Note: This essay is now included in a 99-cent e-book with the same title.
There is also a print edition of the book. For details, click here.
The great ebb and flow of the marketplace has recently forced me to try to convince myself of the benefits of being unemployed.
Some of those benefits are obvious, and I could have anticipated them even before a supervisor tapped me on the shoulder and said he needed to talk to me about something. ("Do you have a minute?" he asked. What would have happened if I'd said no, that I was too busy?)
That's an obvious one. There was a character in the Snuffy Smith cartoon strip of many years ago who retired but would still get up at the crack of dawn and go down to the mill every morning just so he could thumb his nose at the place as the get-to-work whistle blew. That was an amusing strip, and I saved it for years. But I wouldn't want to take the bus downtown every weekday just to emulate that cartoon character, even if my old workplace had a whistle and even if I had retired voluntarily. So I've turned off the alarm.
(Oh, you ask, but what if you oversleep and waste away the hours you should be spending looking for another job? That hasn't been a problem. The constant sense of dread wakes me up in plenty of time — usually well before the crack of dawn.)
Back in the glorious paycheck days, I used to think about telling them I'd just lost my job.
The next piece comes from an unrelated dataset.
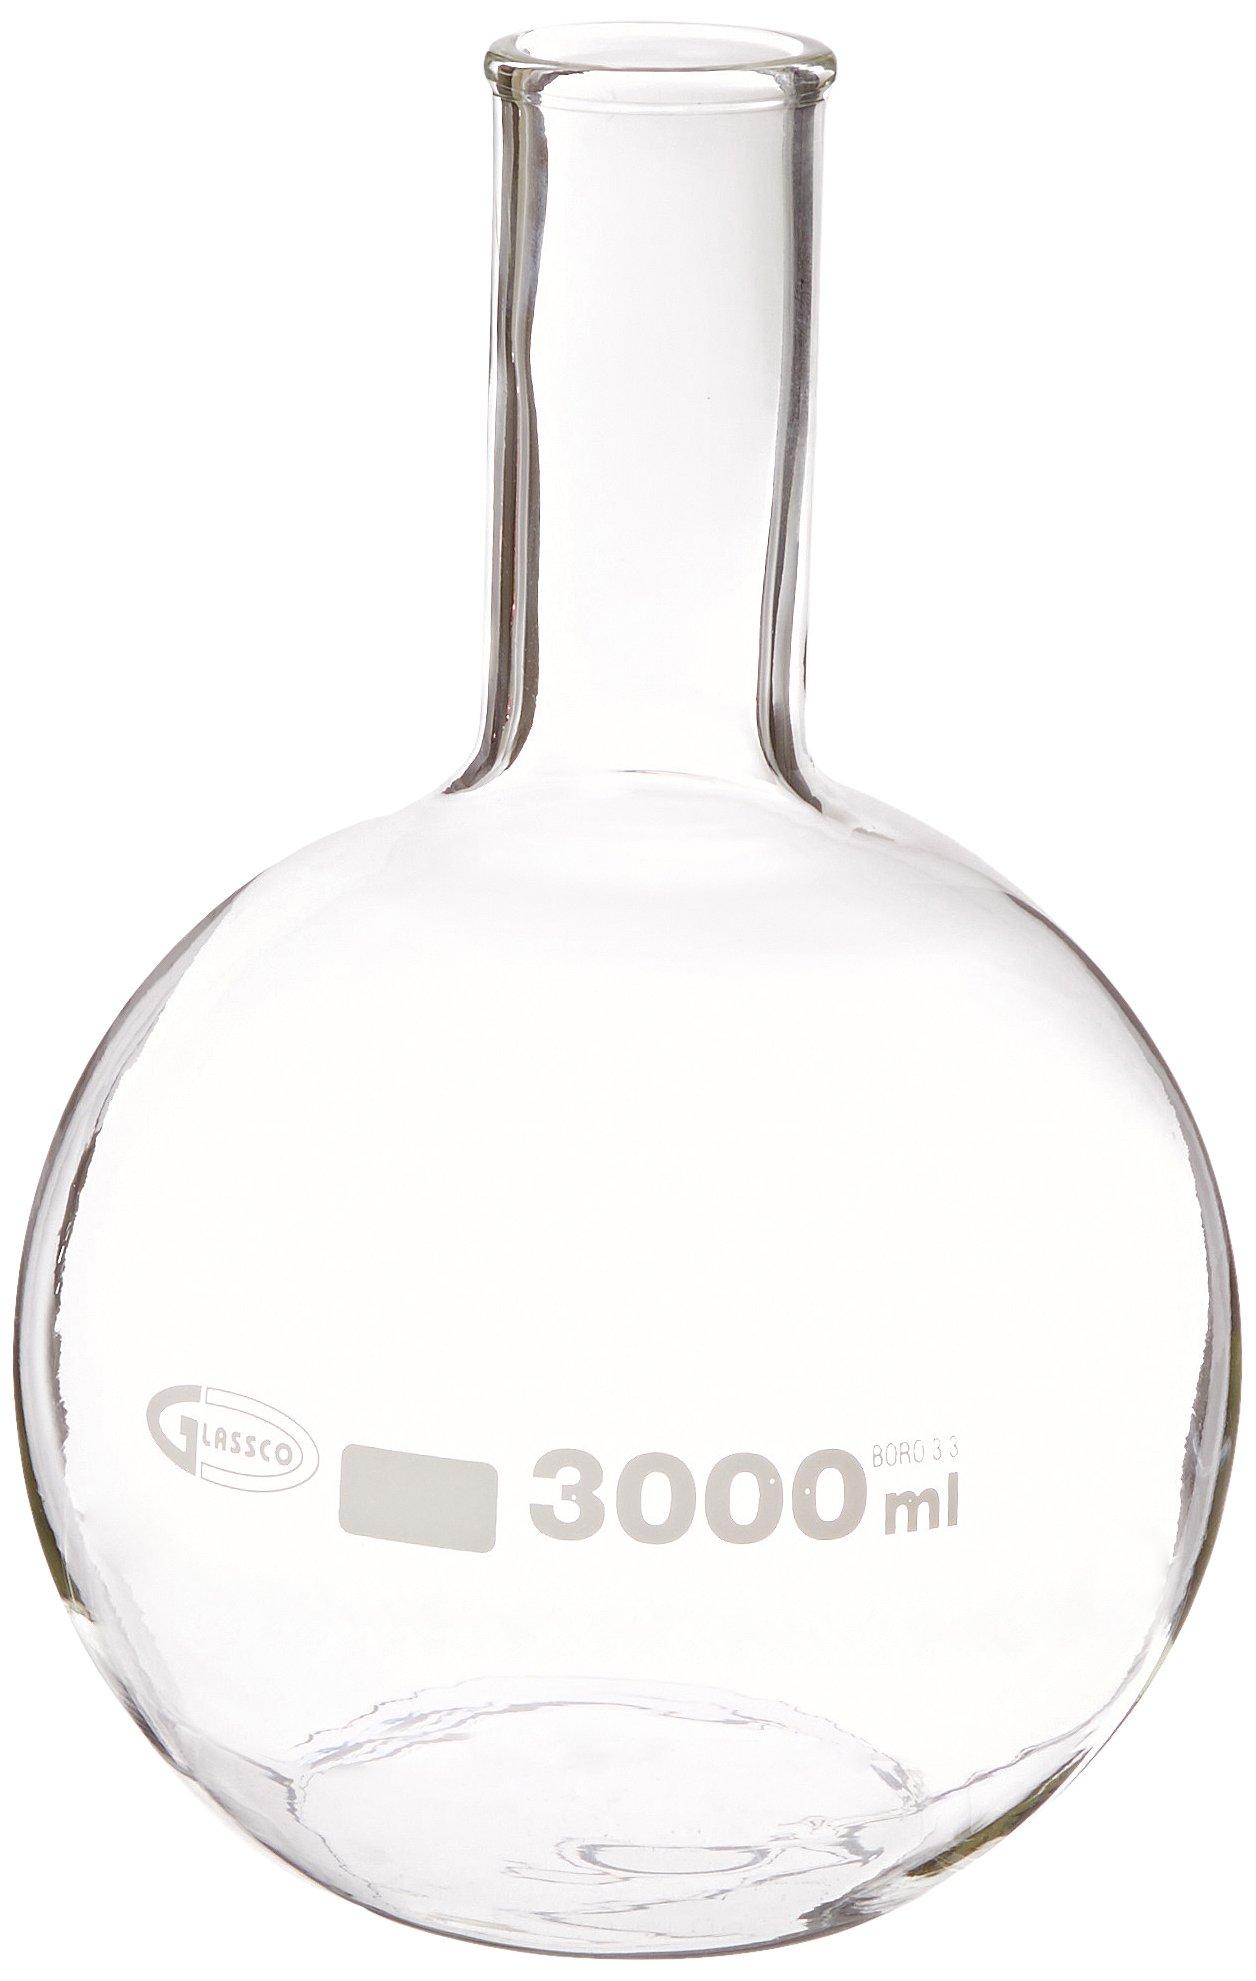 United Scientific FG4060-3000 Borosilicate Glass Flat Bottom Boiling Flask, 3000ml Capacity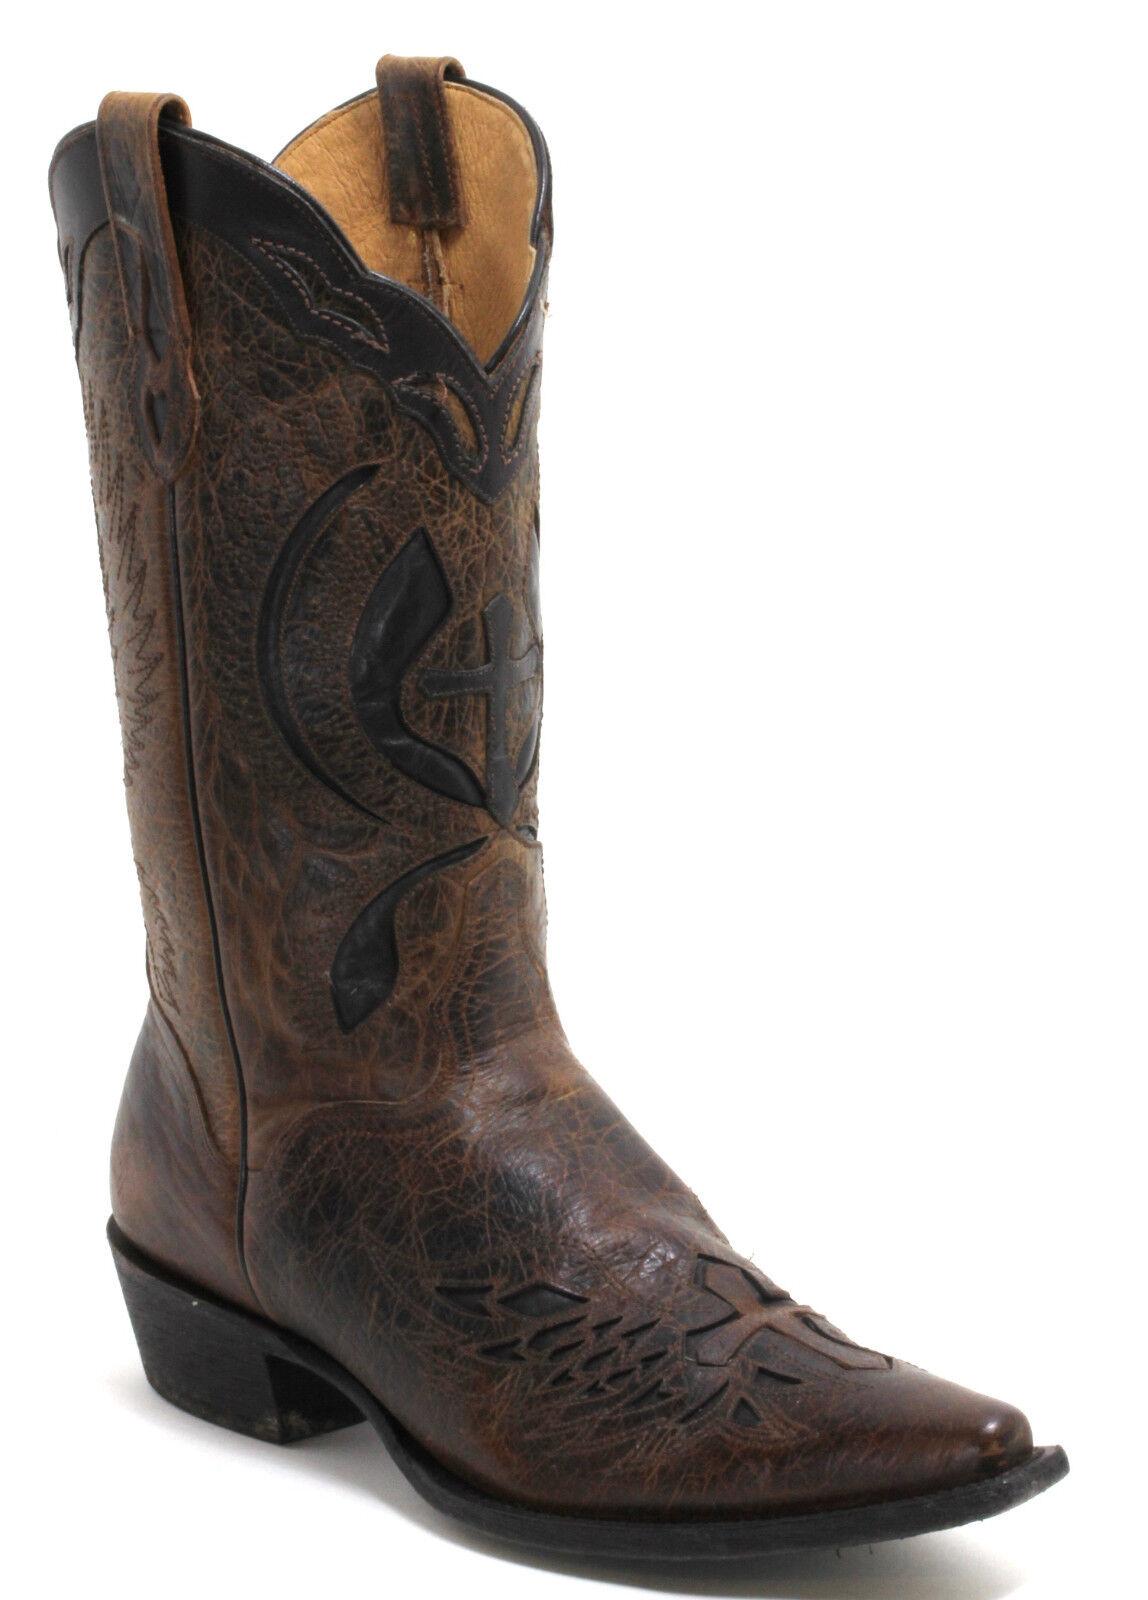 Westernstiefel Cowboystiefel Catalan J.B.Dillon Style Texas Line Dance J.B.Dillon Catalan 43,5 -44 228dac

Actually, sometimes I really did tell them that, because I'm a cowardly kinda guy and it's easier to fib than to be firm. Now I don't have to fib. When I tell them I'm unemployed, they hang up or back away quickly, terrified of infection by the job-loss virus. And they seem to have crossed me off those secret lists they hand around. It's true that some of one's friends back away with the same look of fear in their eyes, but I'm sure that's unconscious.
I'm hoping to get taken off the snail-mail solicitation lists, too. From time to time, for example, I get invited to contribute to the Republican National Committee. Yeah, sure. Try me again after I've developed Alzheimer's. Throwing solicitations of that sort away was always easy. But it was hard and induced considerable guilt to throw away unanswered solicitations from organizations I support philosophically. Sometimes you're just strapped for cash, you know? Even with a regular paycheck coming in. I'd feel terrible guilt as I tore up the good-guy solicitations and dropped them in the trash, and I'd tell myself that at least if I lost my job, I'd have an acceptable excuse and wouldn't feel guilty. And I was right! Actually, I still feel guilty, but I tell myself that I'll resume making contributions to those worthy outfits as soon as I have a regular paycheck again.
When.
If.
But here are some benefits of being unemployed that I did not anticipate.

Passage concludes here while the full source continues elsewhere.